The WSI model requires features from the trained (patch-encoder) i.e., the patch encoder will produce a feature map of 1x512x8x8 for a single patch input.
Consequently, the WSI Model aggregates the features of all patches in a bag (Kx512x8x8) to (1xD) using mean convolutional pooling, and has a single classification head for MSI/MSS prediction.

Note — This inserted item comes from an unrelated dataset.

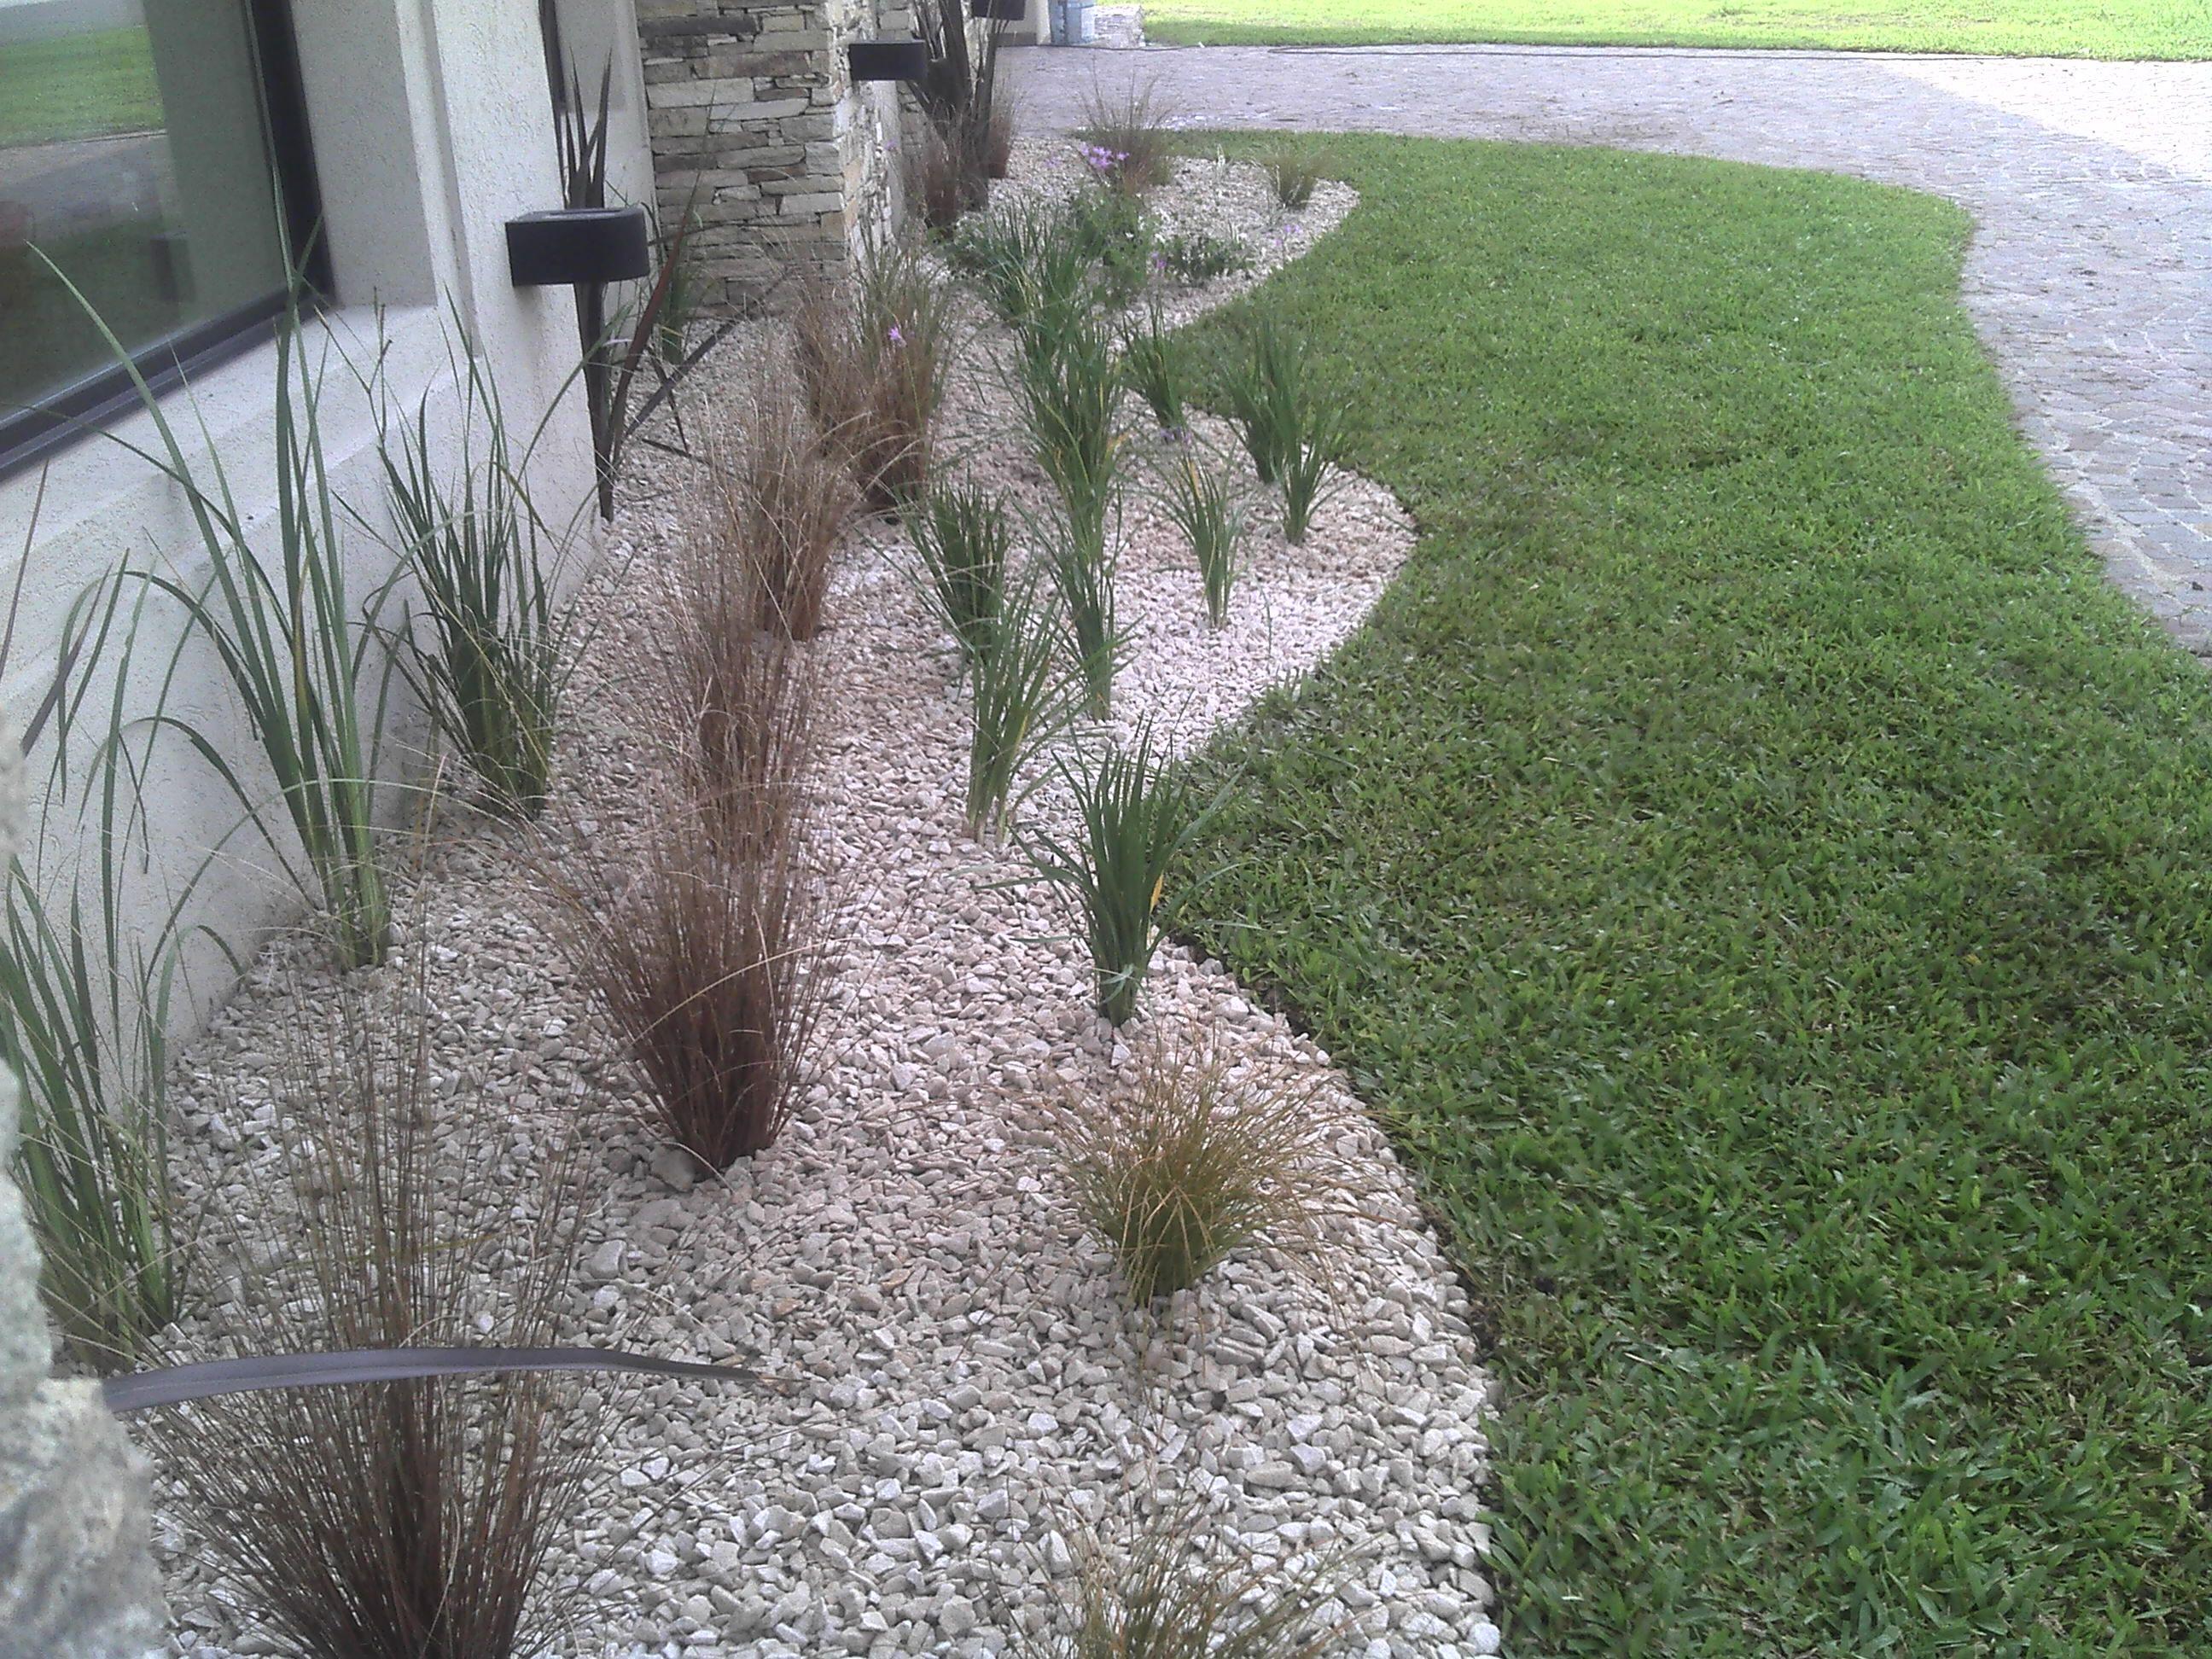 Dise o de canteros con piedra lugares y espacios for Piedras para decorar jardines
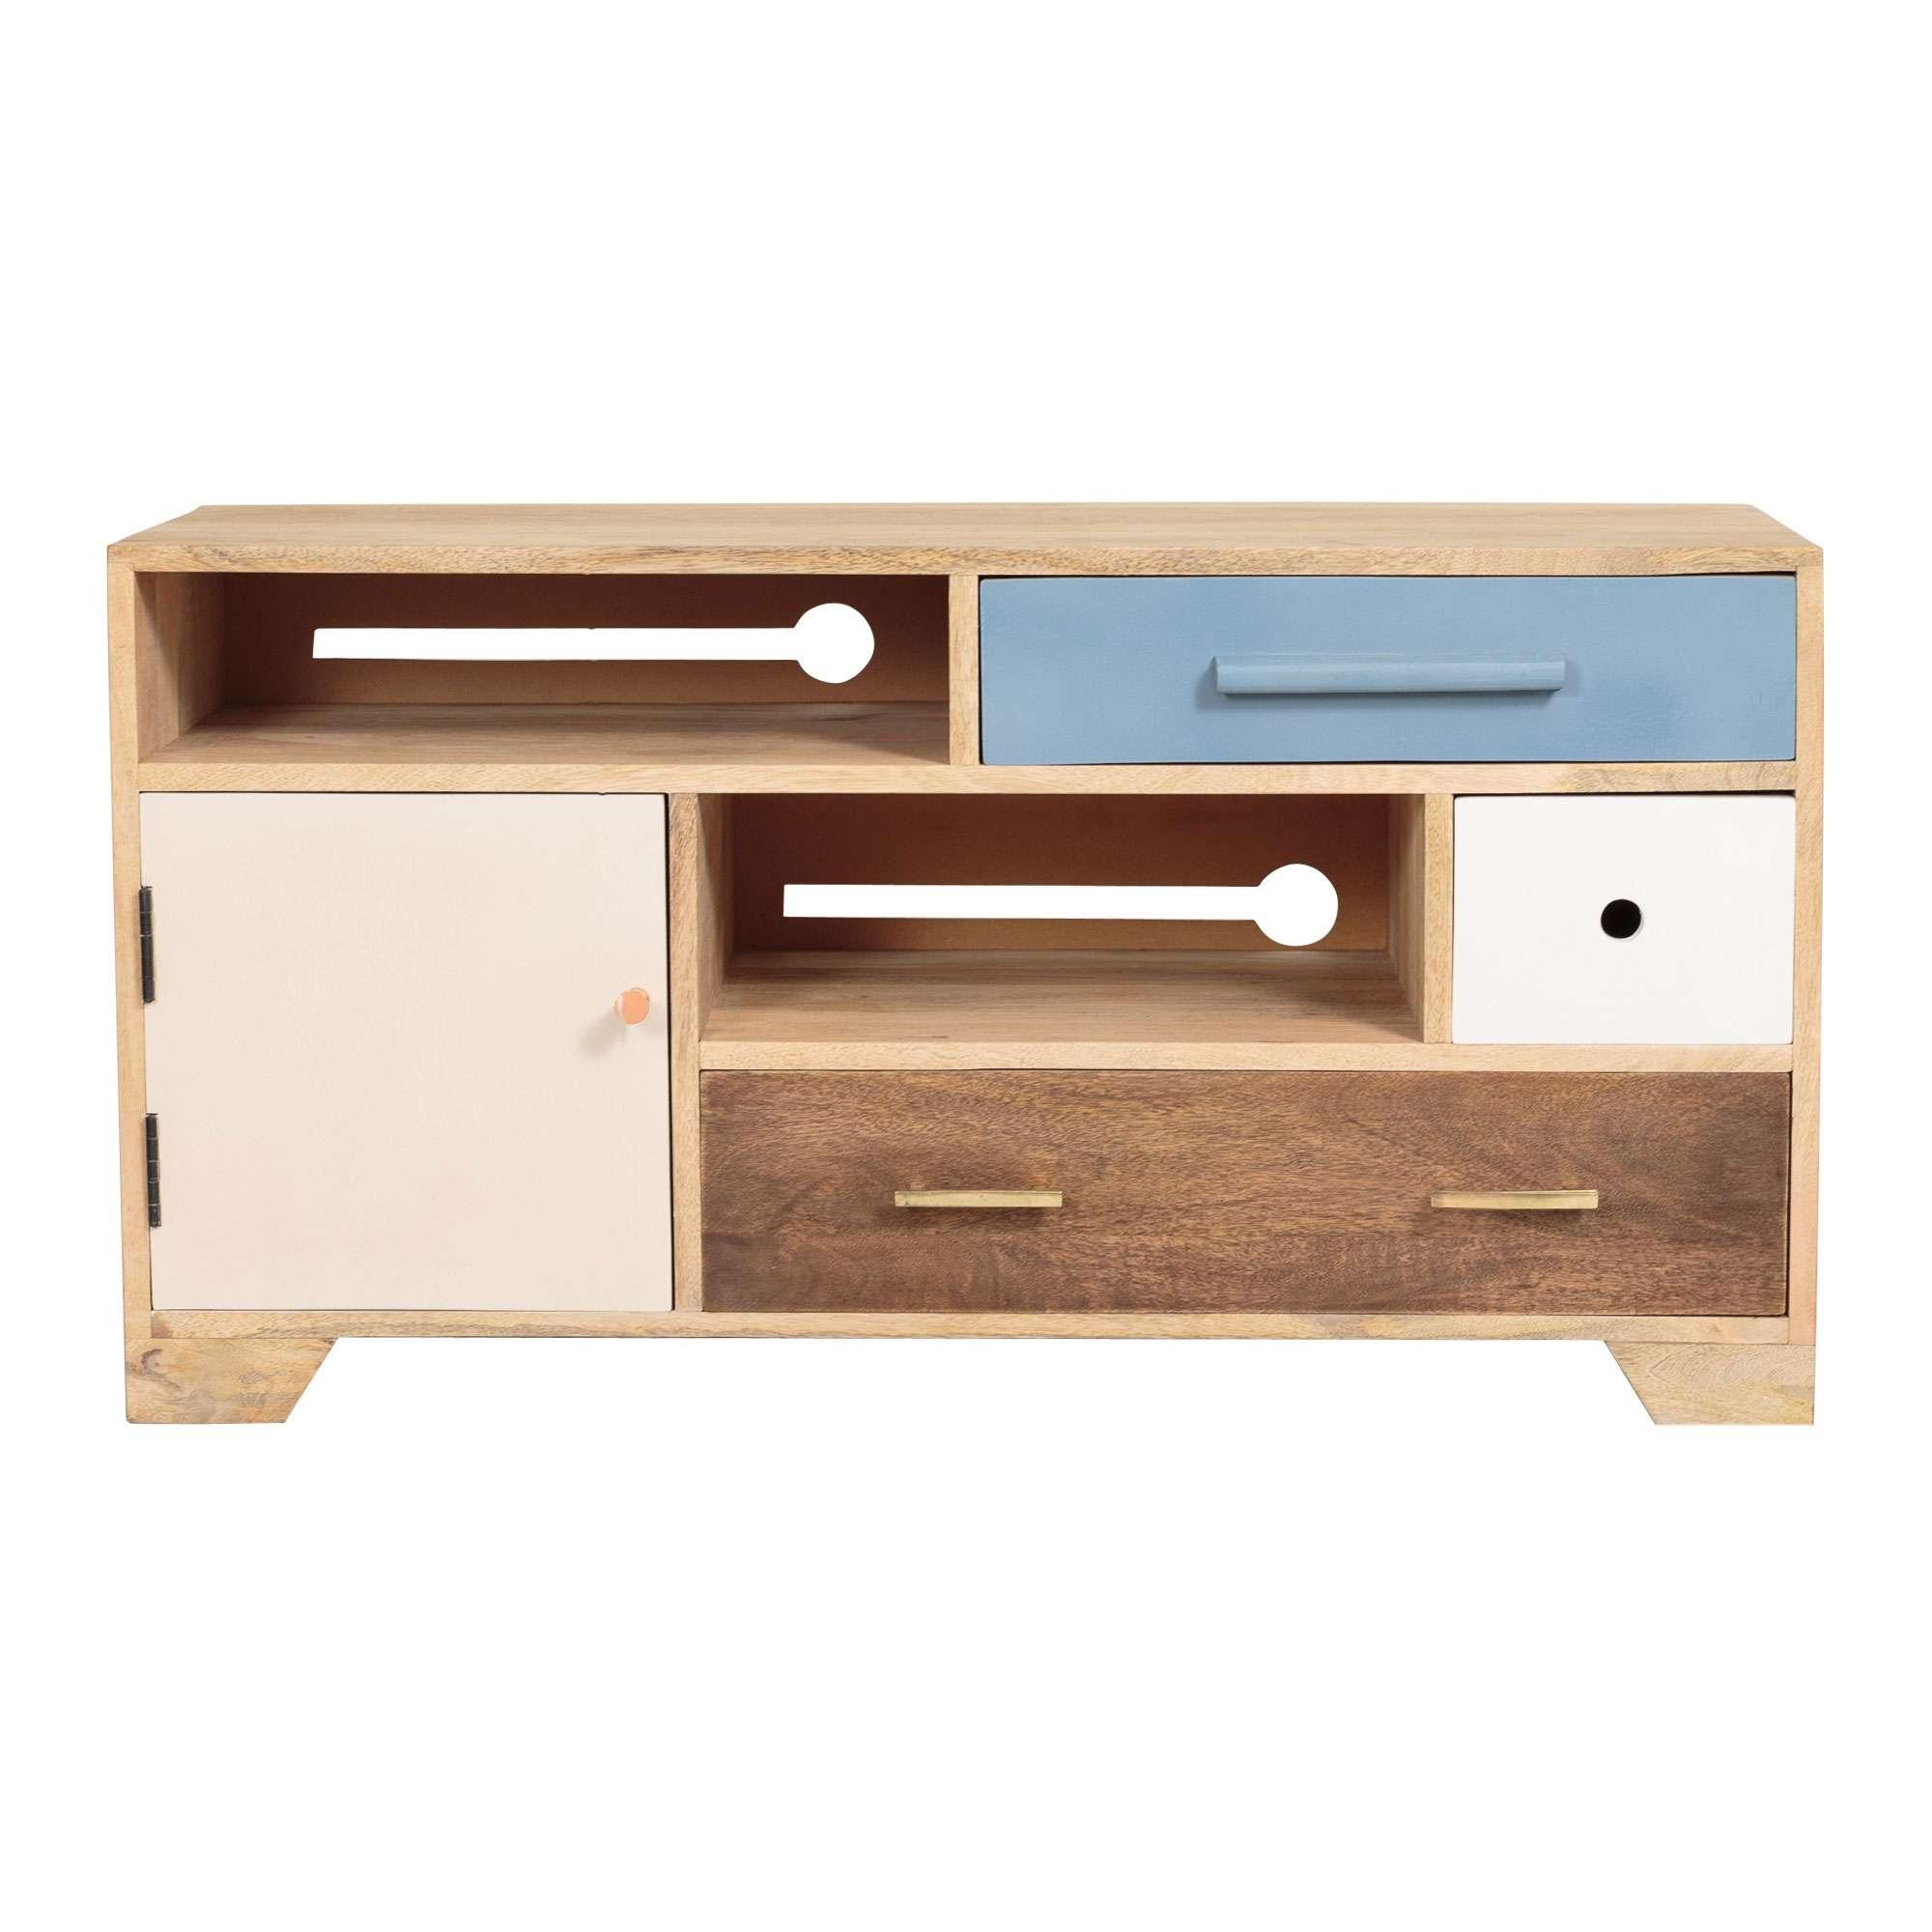 Jennifer Wooden Tv Cabinet | Oliver Bonas Inside Wooden Tv Cabinets (Gallery 10 of 20)

See models module for details on the architecture i.e., models/pooling/deepset.py. To train the WSI model run:
python research_mil/train.py --config/amc_2020/deepset.yml
python research_mil/test.py --config/amc_2020/deepset.yml
See the config file /configs/amc_2020/deepset.yml for more details. By default, during training k=32 patches are sampled per WSI to create bags. To adjust the default setting, the train_batch_size should be set to 1; in order to load larger bags. However, during testing the default option is k=512.
In order to use the pre-trained models, uncomment the paths in the config file. All pre-trained models are saved in './research_mil/logs/pretrained/wsi_model'. Simply run test.py only for new data when using the pretrained models.
- For the task of patch-based WSI segmentation of tumor or MSI regions, the script wsi_tools/wsi_mil_seg.py should be used.
- wsi_mil_seg.py has two settings: (i) subtype segmentation of MSS/MSI using reference tumor mask (ground-truth tumor regions) and (ii) tumor segmentation on the entire tissue regions.
- In addition, each setting can produce either sparse or dense segmentation maps similar to the figures above. Figure: (Top) Dense segmentation of MSI, and (Below) Ground-truth tumor region (yellow).
- To run WSI MSI segmentation using ground-truth reference masks, first modify the config file (configs/wsi_seg.yml). The paths to the masks (e.g. WSI_ID_tumor.png produced in the pre-processing) location, the patch-encoder (tumor/msi detector) path, and library file containing the slide paths should be specified.
- To perform sparse/dense segmentation;
# Perform dense subtype segmentation
# the flags --subtype and --full should be included
python research_mil/wsi_tools/wsi_mil_seg.py --config /path/to/configs/amc_2020/wsi_seg.yml --subtype --full
# To perform sparse segementation (do not include the option --full)
python research_mil/wsi_tools/wsi_mil_seg.py --config /path/to/configs/amc_2020/wsi_seg.yml --subtype
# The algorithm will save the heatmaps(.png), tumor reference mask overlay (.png) and probability map (.numpy)
# To perform standard tumor segmentation in sparse or full mode (use flag --full)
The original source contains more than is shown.